Когда проснулась, то увидела Лену. Она сидела на стуле возле моей кровати и тихонько плакала. Моя отважная девочка… Я даже вспомнить не могу, когда видела ее слезы в последний раз.
— Мамочка! — вот и все что сорвалось с ее губ.
И столько всего было в этом коротком слове, одном-единственном, но самом главном для каждого человека. А потом она просто уткнулась головой мне в руку. Я стала гладить ее по голове, как маленькую. Я даже не поняла, как это у меня получилось, но эти движения были самыми нужными в этот момент для нас обеих.
— Еленка! — я тоже смогла произнести только одно слово.
Её руки тянутся к моему лицу, и она начинает вытирать мне щеки. Только тогда я понимаю, что тоже плачу. Моя девочка, мой первенец! Как же много мы с ней прошли! И дай Бог, чтобы еще больше у нас было впереди.
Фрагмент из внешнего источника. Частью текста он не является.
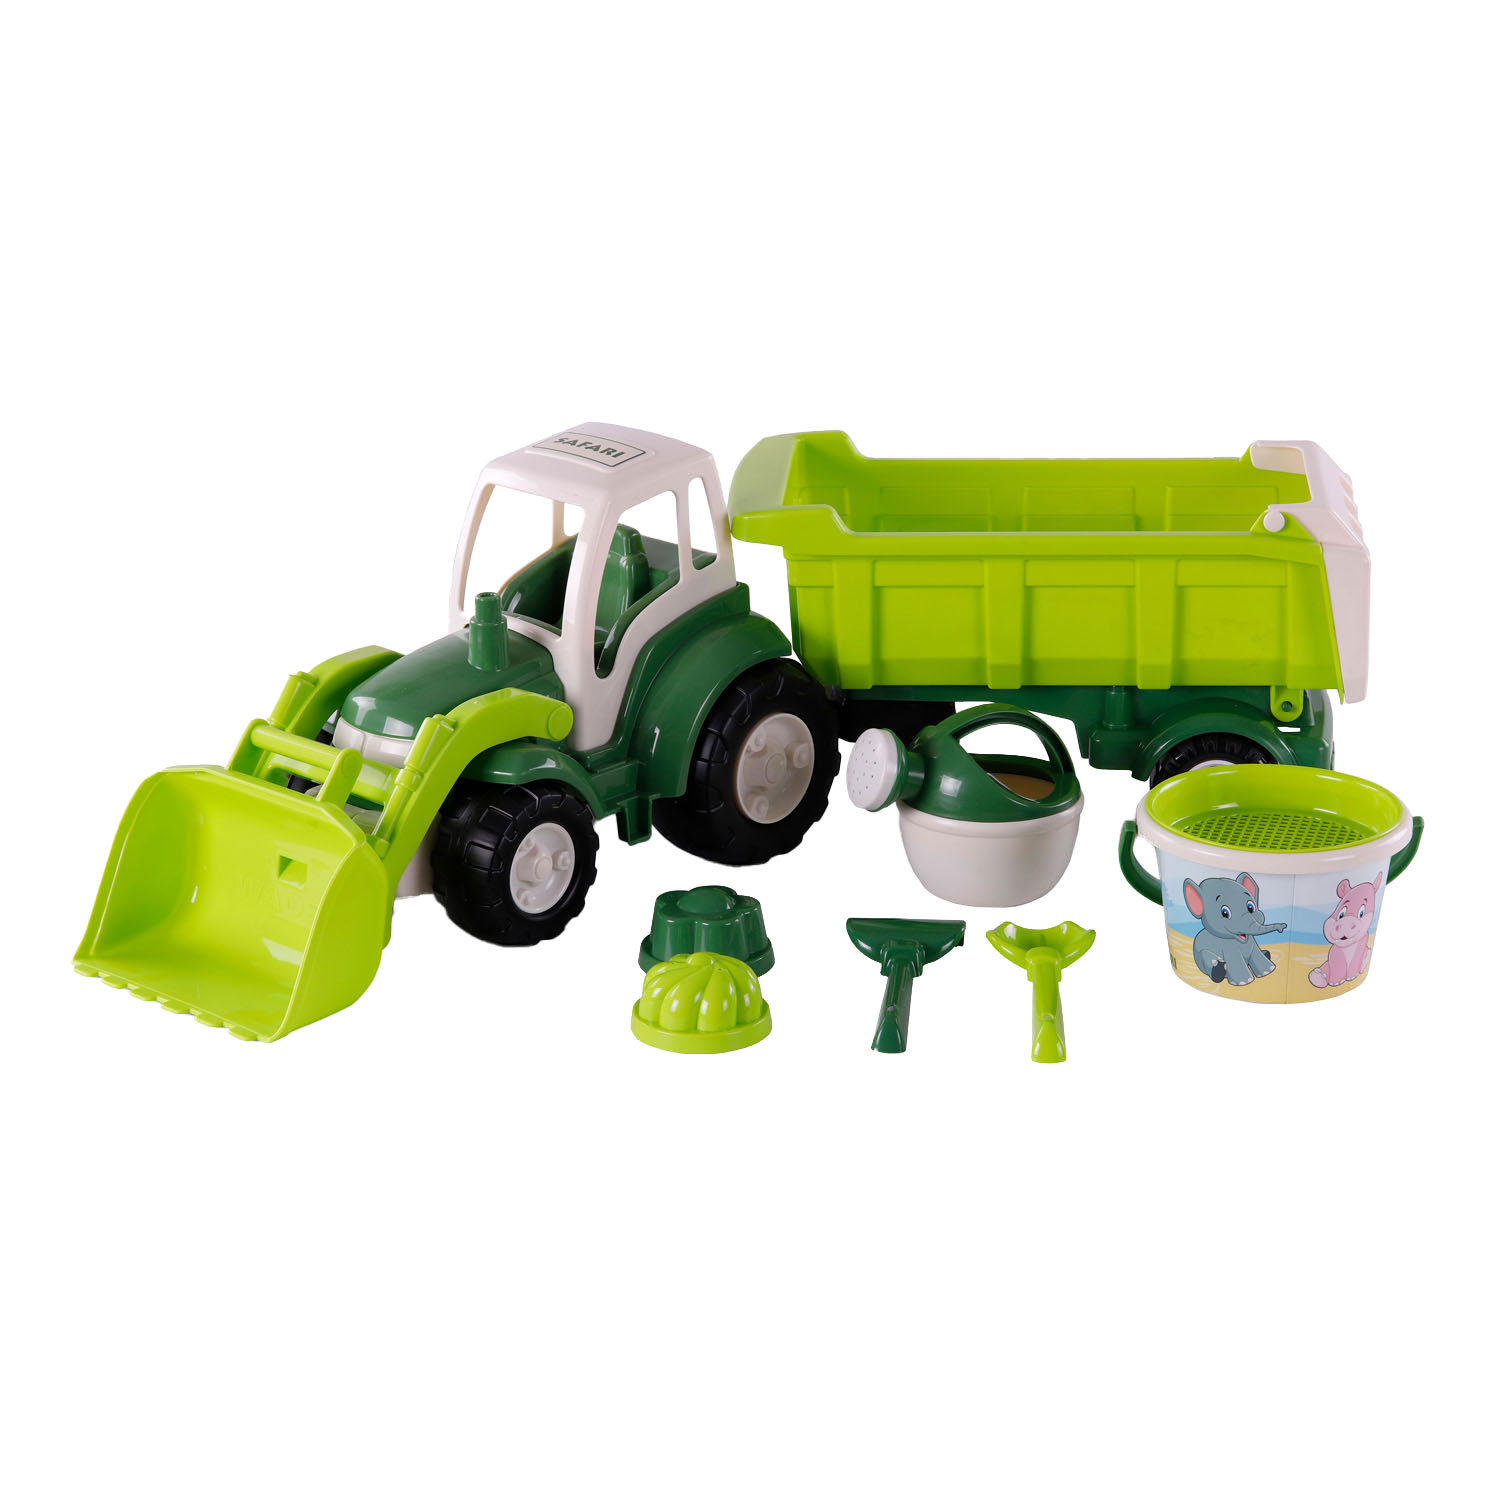 Cavallino XL Traktor Grün mit Kippanhänger und Schaufelset, 9-tlg.

Мировой потоп из слез останавливает появление Сергея. При нем мне не хочется плакать. Не хочется демонстрировать ему свои слабости. И поворачиваться к нему спиной тоже не хочется. Как там у Сердючки: думала, выиграла в любви джекпот, присмотрелась — идиот. Точнее, не скажешь. Но мне теперь не до разборок с мужем. У меня трое детей, и мне нужно встать на ноги. Дочь и муж, уже зная, что мне пока трудно разговаривать, принялись рассказывать, что было, пока меня не было. Из их слов ясно одно, центром мироздания теперь является моя младшая дочь Вера.
В больнице я провожу еще месяц, за это время восстанавливается речь значительно улучшается моторика рук. Вставать я могу, пока только держась за поручни. Но врачи говорят, что на то, чтобы пойти нужно просто больше времени.
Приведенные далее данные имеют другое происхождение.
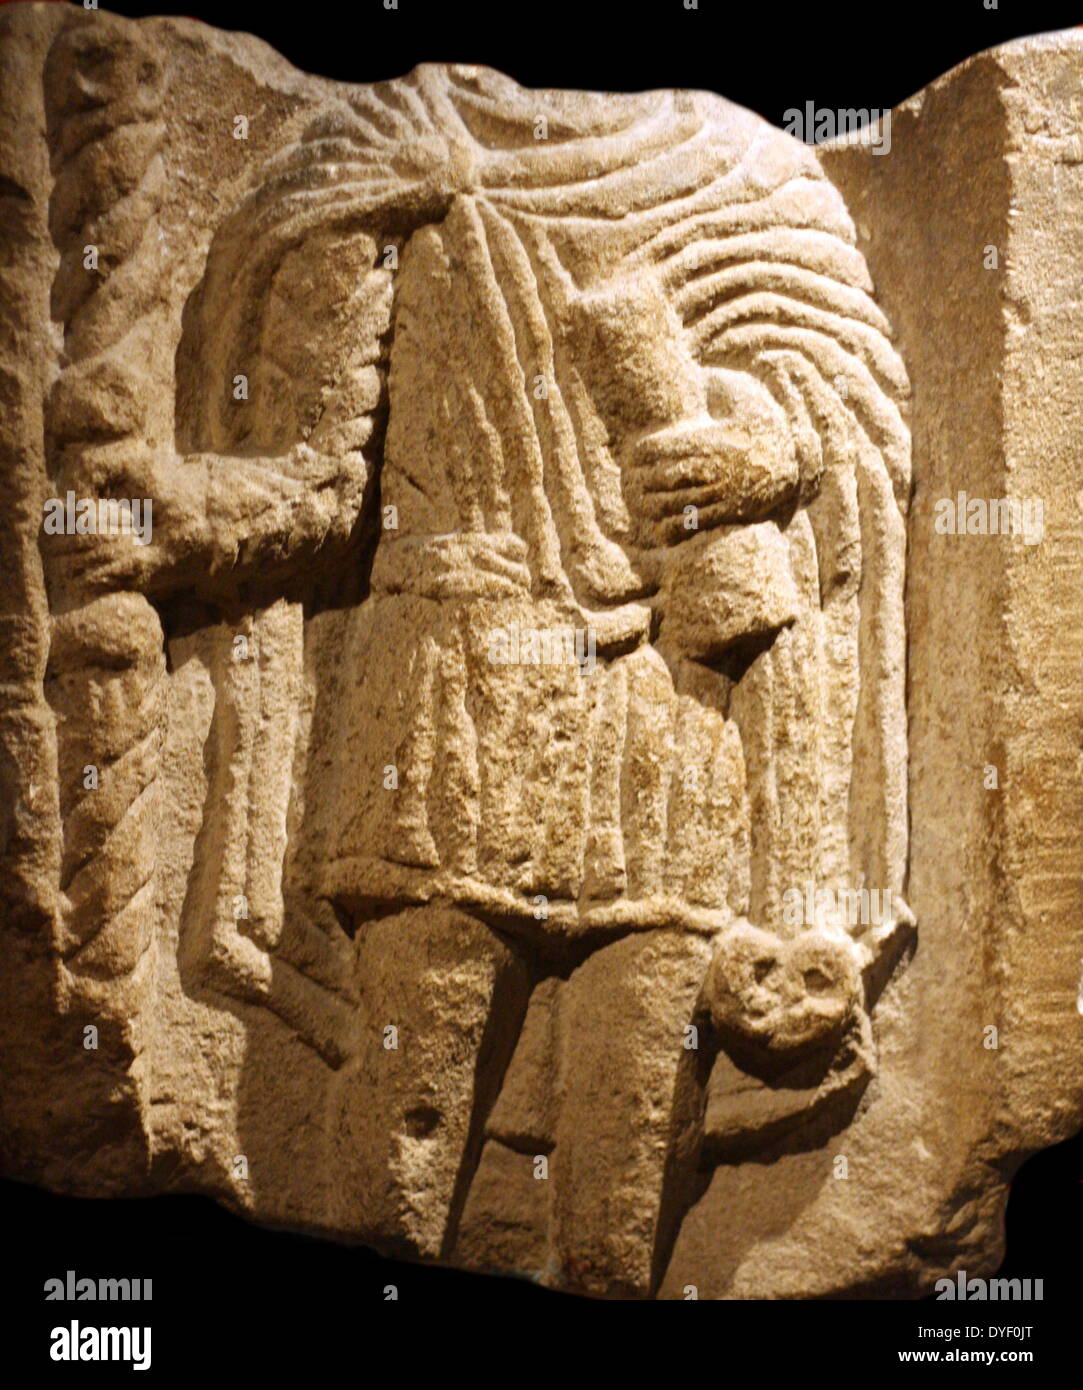 Immagine in rilievo di un uomo colto, trovati nelle terme romane. Circa 1a-3rd secolo D.C. Rappresentato con una rotellina di scorrimento per indicare che egli è educato. La testa è assente dal deterioramento. Foto Stock

Сергей привозит в больницу и Матвея, и Веру. Сын подрос, стал чисто разговаривать, но все равно он еще малыш. А Верочка — настоящее чудо. Такая красавица!
Спустя неделю мне разрешают вернуться домой, потому что дальнейшее лечение можно проводить в амбулаторных условиях.
Неужели я пережила и это?!
Глава 38 Муж и жена — одна сатана
Дина.
Не думала, что мне будет страшно уезжать из больницы. Но да вот… Что ждет меня за ее стенами? Здесь можно откинуть от себя проблемы, сосредоточившись на своем здоровье. А там за стенами больницы моя настоящая жизнь. Не идеальная. Ну и что? В ней я жена и мать. И если с тем, что я мать, все нормально, то с функционированием системы "муж — жена" у меня явно не ладилось. Возможно, мне не стоило выходить за Давлатова замуж. Вернее не так, это ему не следовало жениться. Ни на мне, ни на ком-то другом. Образ богатого плейбоя очень ему идет. Красивый, харизматичный, холодный. Плохиш, одним словом. Такие всегда будут нравиться. Такого всегда будет желание завоевать, приручить, сделать своим. Только что делать с тем, что он быть чьим-то не хочет? И вообще насколько один человек может принадлежать другому? Может быть так вообще, что твой избранник разделит твои чувства? И не будет искать траву на другом газоне, стоя посреди своего?
Приехав домой, я обнаружила инвалидное кресло, самое современное. Разве что блинчики оно печь не может. Так что я теперь моторизована. И свою комнату, оборудованную на первом этаже. Причем вещей Сергея там не было. В этот момент я и задала себе вопрос, который гнала прочь раньше. А нужен ли мне Давлатов? И нужна ли ему я, тем более в инвалидном кресле? Все время, что я очнулась, он был рядом, помогал, бросал странные взгляды. Что они значат, я не задумывалась. Я хотела хотя бы ясно излагать свои мысли и держать в руках ложку. Это был для меня настоящий подвиг. Но готова ли я к роли жены, для которой главное, чтобы муж был?
Большую часть времени у меня отнимали разные восстановительные процедуры, потом шли дети. Понятно, что полноценно заботится я о них не могла, но любить их мне ничто не мешало. После переезда домой между мной и Сергеем установились какие-то настороженные отношения. Видимо, каждый ждал от другого какого-то знака.
Вечером, скорее уже ночью, я лежала в кровати и читала книгу. Никак не могла уснуть, хотя обычно трудностей со сном не возникало. Вдруг дверь комнаты тихо приоткрылась, и я с удивлением смотрела на заходящего в комнату Сергея.
— Не спишь? — задал он вопрос, который не нуждался в ответе.